Em nossas conversas, algumas condições se destacaram como impedimentos à abertura de espaços de diálogo. Algumas dessas condições seriam salários, cargas de trabalho, desgaste físico/mental, recursos materiais e investimentos em formações. Esses impedimentos foram discutidos em uma roda de conversa em que uma participante relatou um trabalho realizado com os alunos, no qual conversaram sobre a “escola que temos e a escola que queremos”. “Fiquei impressionada quando a criança disse que a escola parece cadeia, cheia de grades, pintada com cor apagada e só tem trinta minutos de recreio” (FRAGMENTOS DE DIÁRIO DE CAMPO). A professora ponderou que as crianças são sensíveis à realidade; não passivas ou ingênuas como, muitas vezes, acreditamos que sejam. Nesse dia, o poema “Se essa escola fosse minha” serviu de disparador à discussão. Conversamos sobre as perspectivas do professor para a organização da escola.

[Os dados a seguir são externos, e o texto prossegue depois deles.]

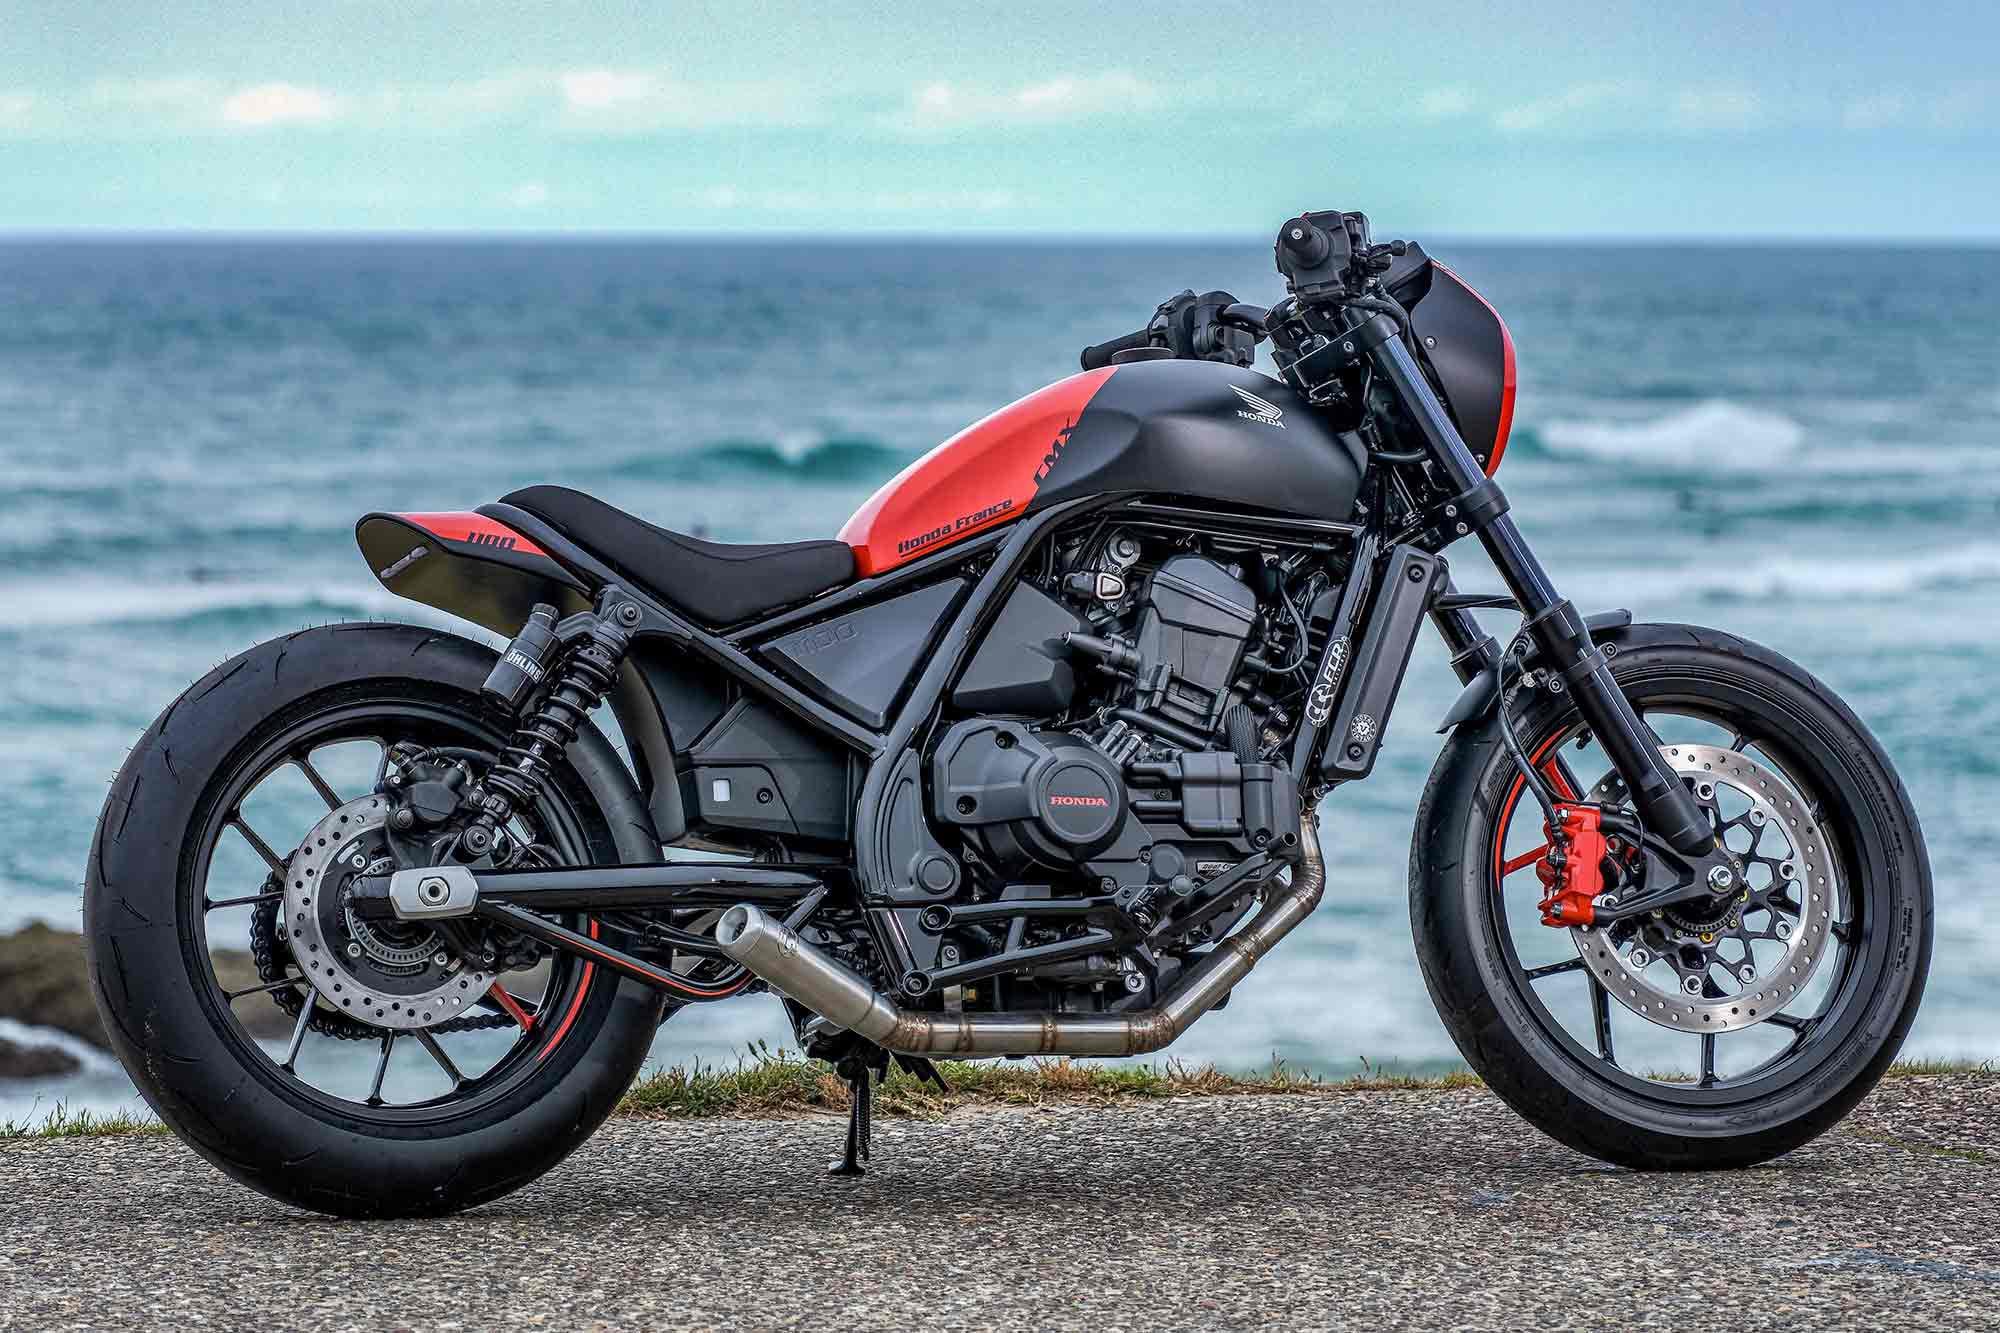 From France’s FCR Original comes The Sport, a more aggressive Rebel 1100 with custom bodywork.

“No meu sonho, o professor só trabalha em um horário e o salário é muito bom. Extensão de carga horária é proibida e você tem que dar conta do recado com o bom salário que tem. Nosso trabalho é muito desgastante para ser em dois horários. Mas é só sonho, viu gente!”.

“Muita gente vai trabalhar na escola pública, porque acha que tem menos cobrança, mas acaba descobrindo que é mais desgastante”.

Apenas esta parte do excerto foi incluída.